A document map Documents ordered by similarity Four highlighted documents
(a) (b) (c)

Document maps show the similarity between a document selected by the user and the remainder of the documents. A numeric measure of similarity between all the documents was calculated using latent semantic analysis (Deerwester et al, 1990). Document maps visualize the similarity between the selected document and the remainder of the documents with grey scale shading; the darker the grey, the more similar a document is to the selected document. The similarity values are thresholded to five shades of grey that show bands of similar documents more clearly. The document squares are also sorted to group documents that are similar to the selected document. Document map (b) above shows the nine documents ordered by their similarity to document 5. Document 5 is placed at the origin in the top left hand corner. The remaining documents are placed diagonally from top left to bottom right in descending order of similarity.

The frequency of occurrence of search items is shown by filling in each square that represents a document containing the search item.
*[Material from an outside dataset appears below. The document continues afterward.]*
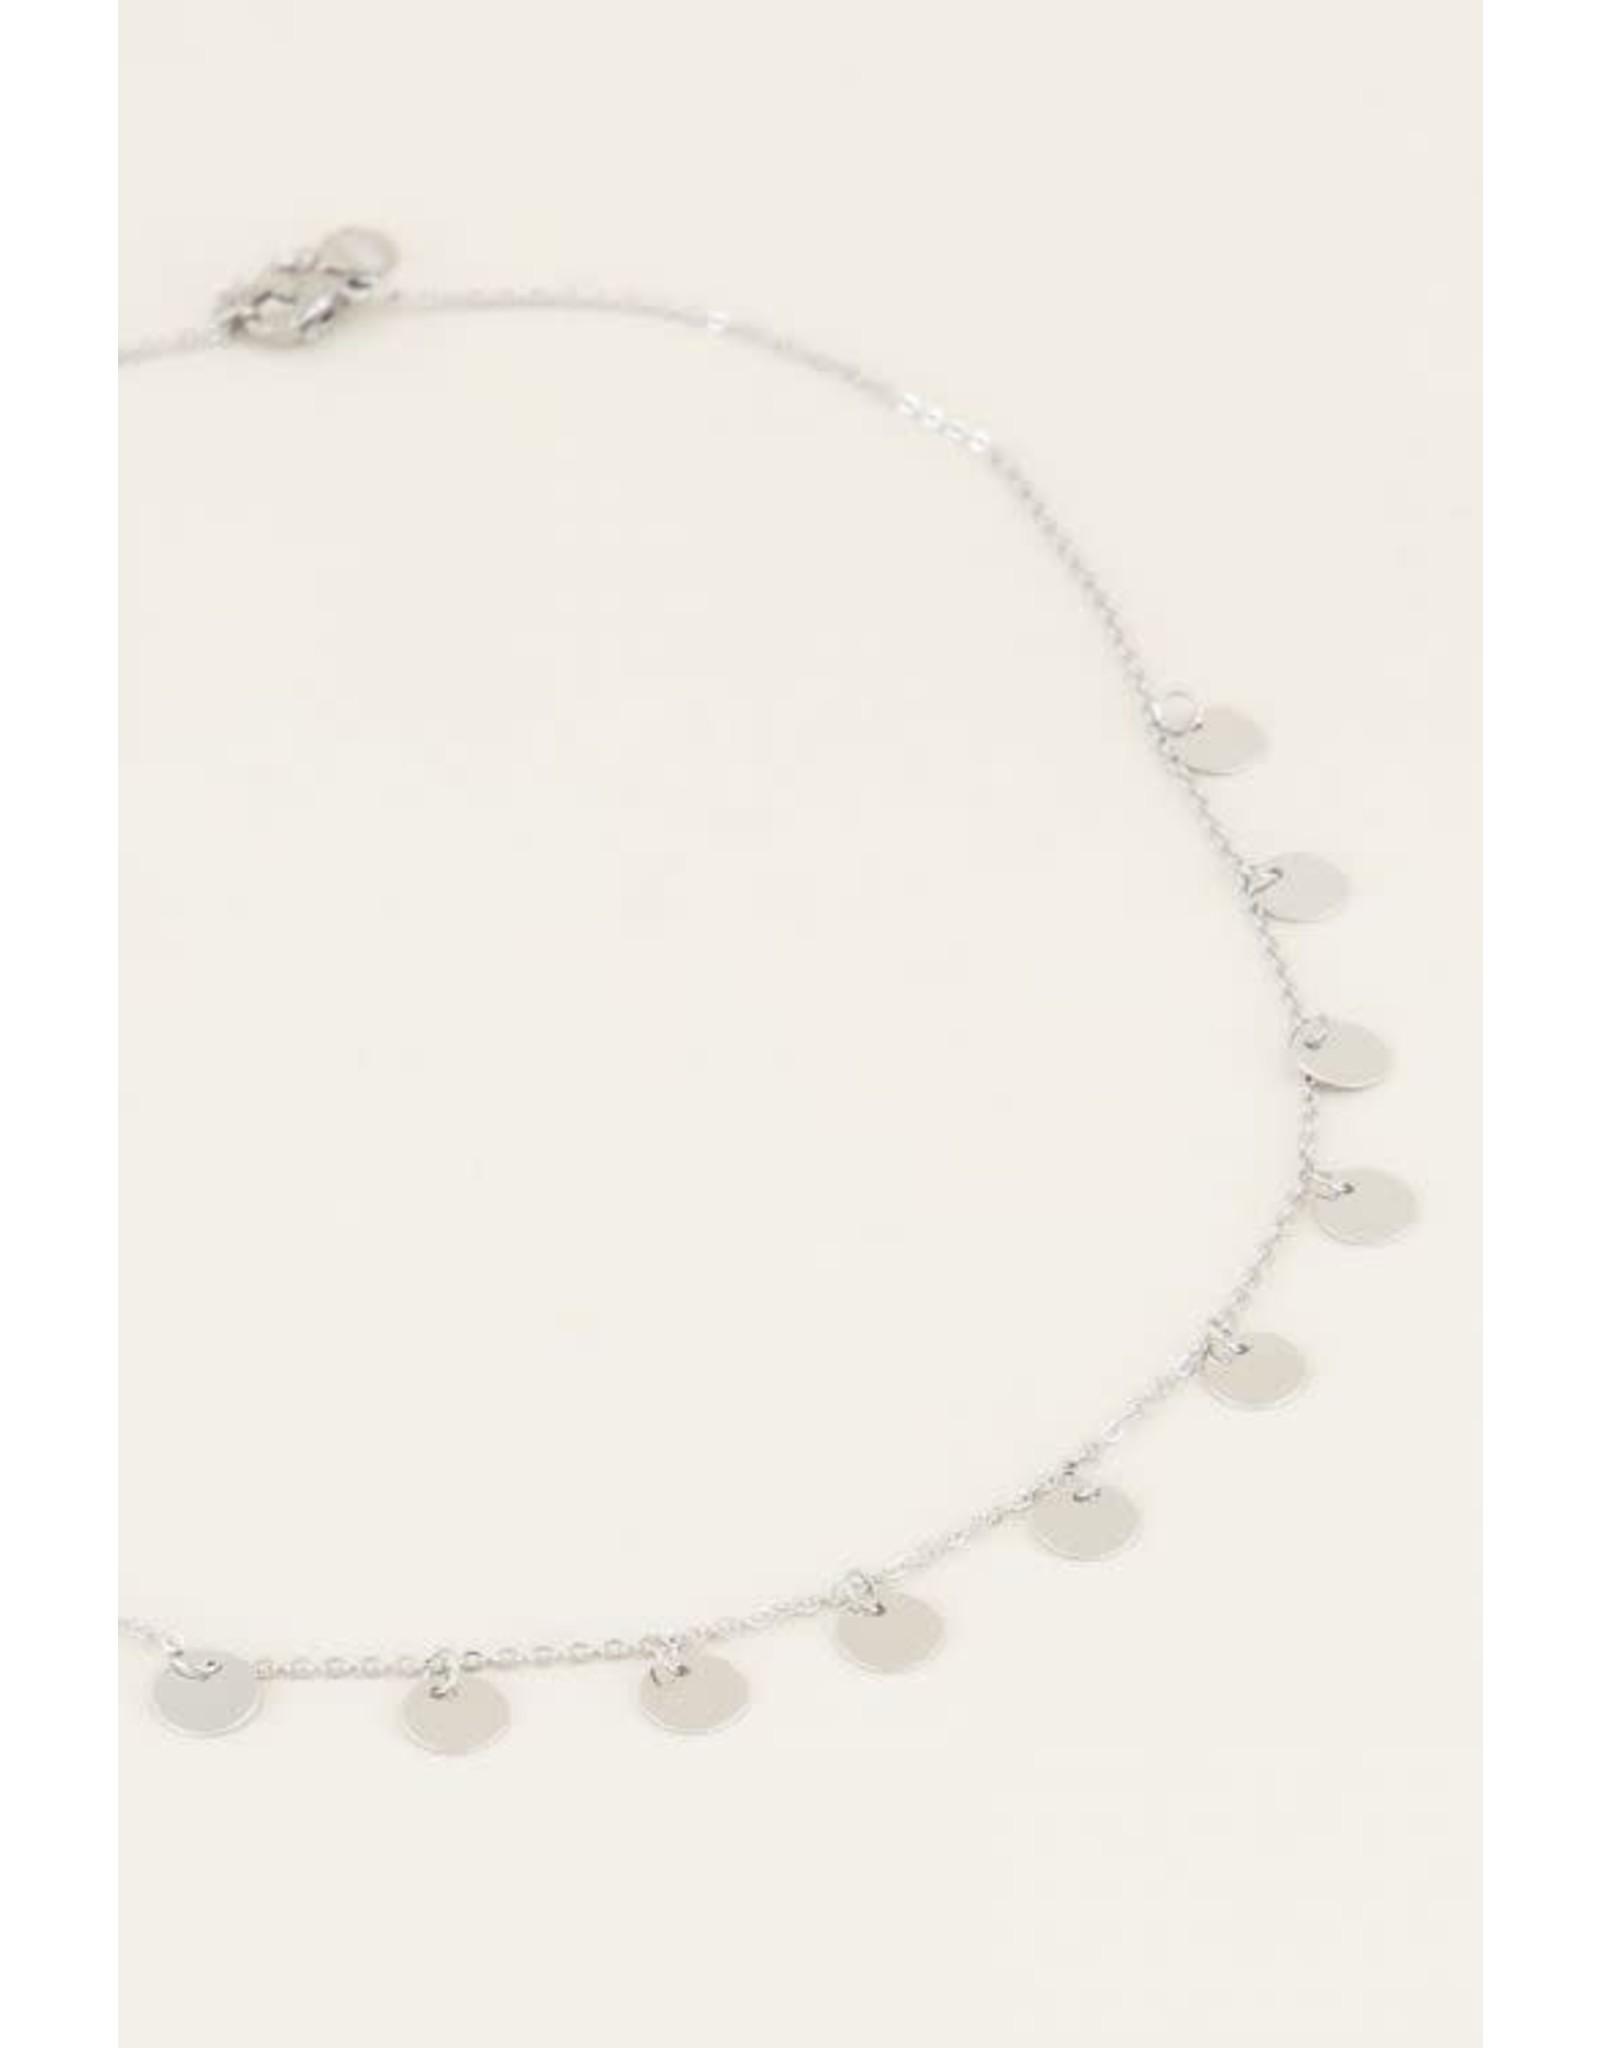 My Jewellery My Jewellery ketting muntjes
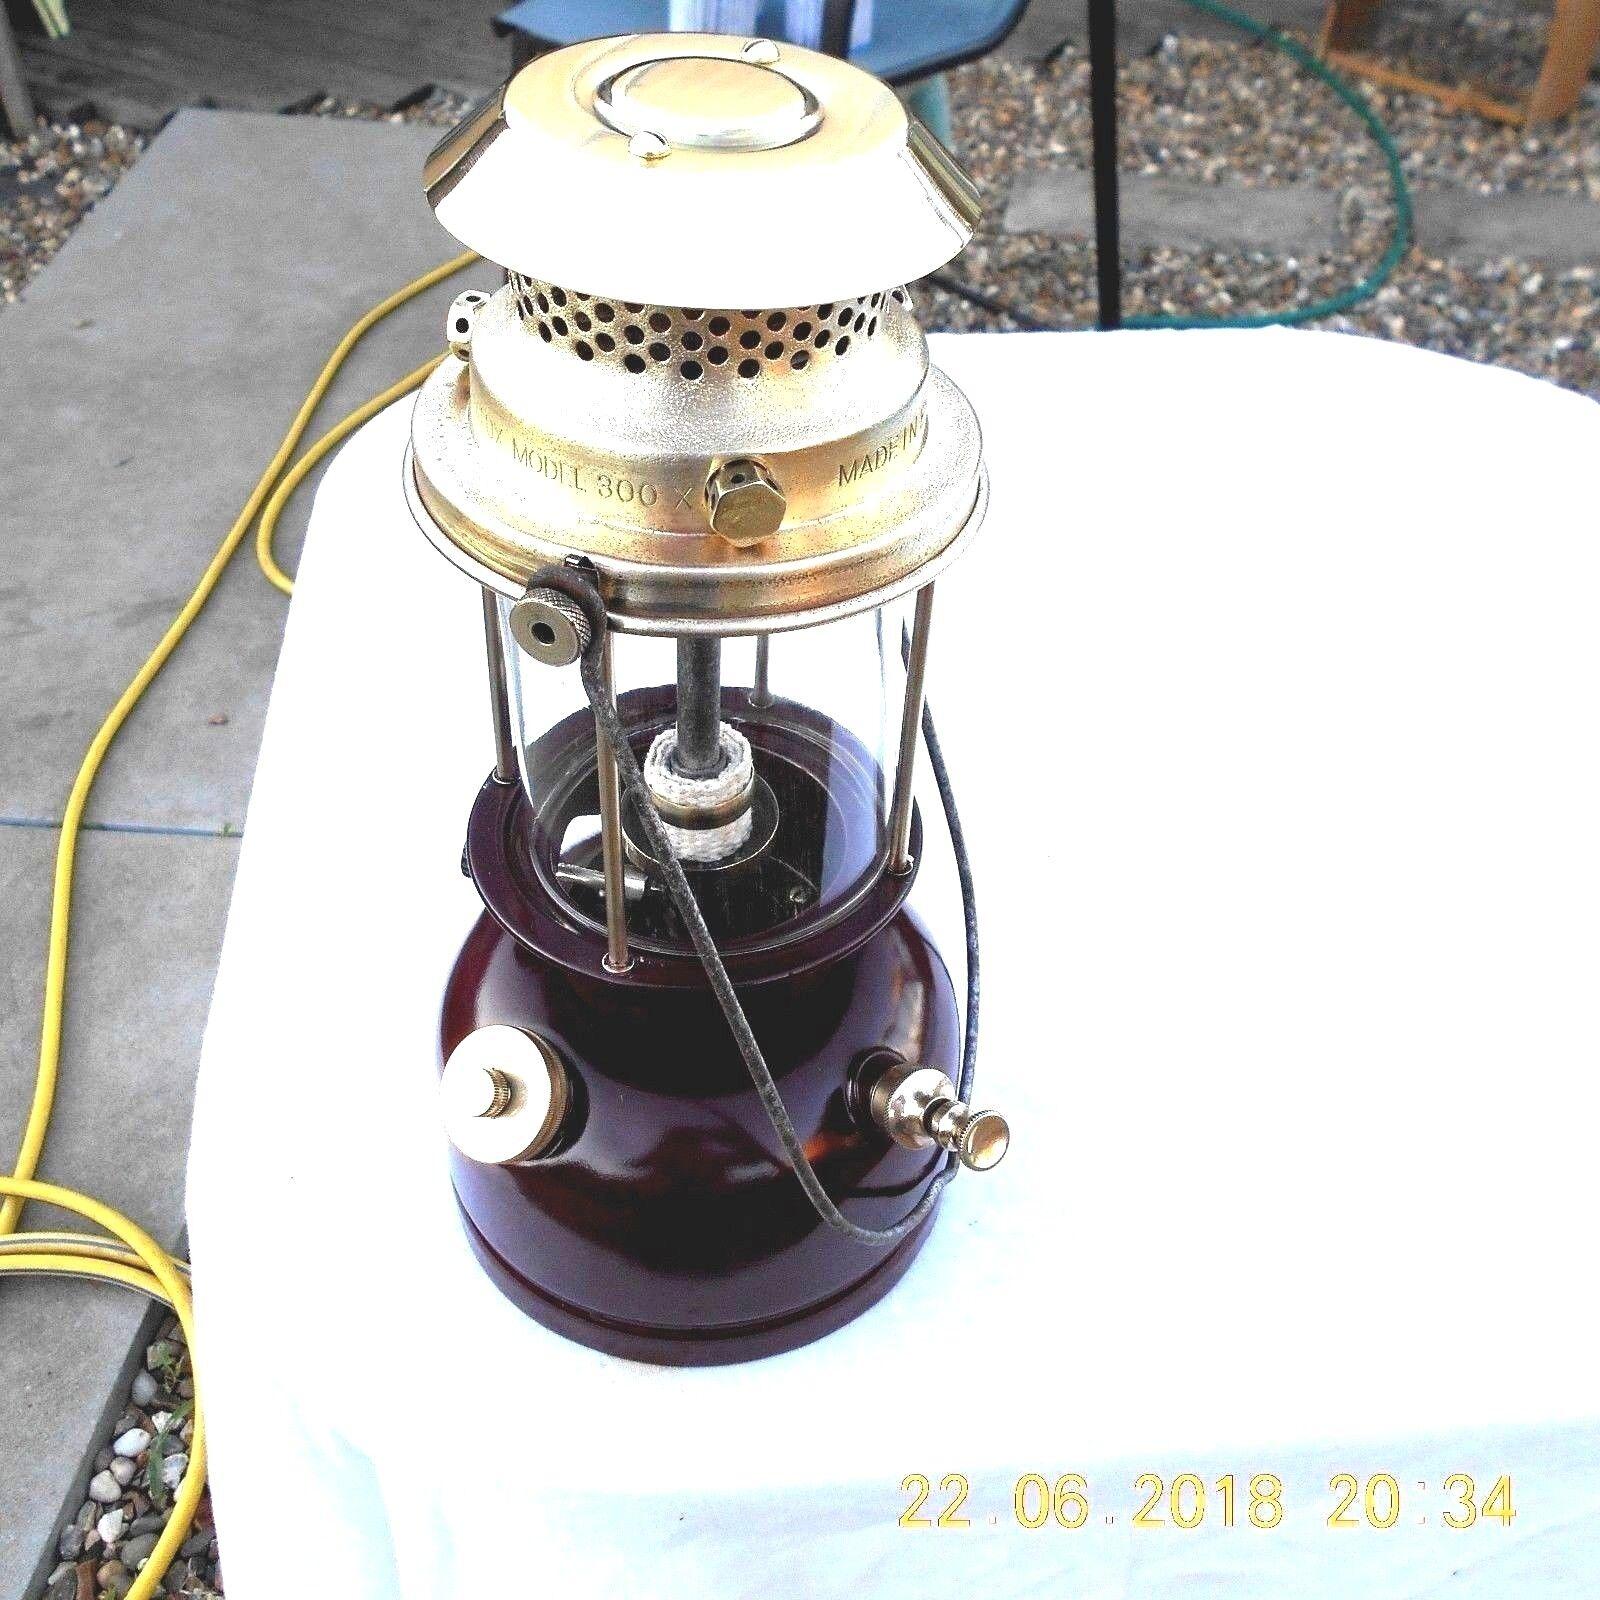 1940s  Vapalux  1940s Bialaddin Paraffin Oil Vintage Kerosene Lamp Antique Lantern 28a2d1

The number of filled squares shows the frequency in document map (c) above.

3. Evaluation

Document maps have been comparatively evaluated with three visual and two textual presentations and the results were promising. The document map users generally completed a set of 10 filtering tasks more quickly and more accurately than the users of the other presentations. Details are provided in Morgan (2000).

4. Further Work

Further work is needed in three areas. First, document maps can only show the similarity between one document and the rest of the documents. Second, in larger maps it can be difficult to quickly differentiate between the frequency of occurrence of search items when the difference in frequency is small. Finally, the amount of cognitive effort required to map between the numbered squares and the numbered documents, and the effect this might have on users, needs to be investigated.

References

  • Ahlberg, C. & Shneiderman, B. (1994), The Alphaslider: A Compact and Rapid Selector, in B. Adelson and S. Dumais & J. Olsen (eds.), Proceedings of CHI ‘94, 365-371.
  • Deerwester S., Dumais, S. T., Furnas, G. W., Landaur, T. K. & Harshman, R. (1990), “Indexing by Latent Semantic Analysis”, Journal of the American Society for Information Science, 41(6), 391-407.
  • Morgan, J. J. (2000) Supporting Information Retrieval System Users by Making Suggestions and Visualising Results, Ph.D. Thesis, Heriot-Watt University.
  • Tufte, E. R. (1983), The Visual Display of Quantitative Information, Graphics Press.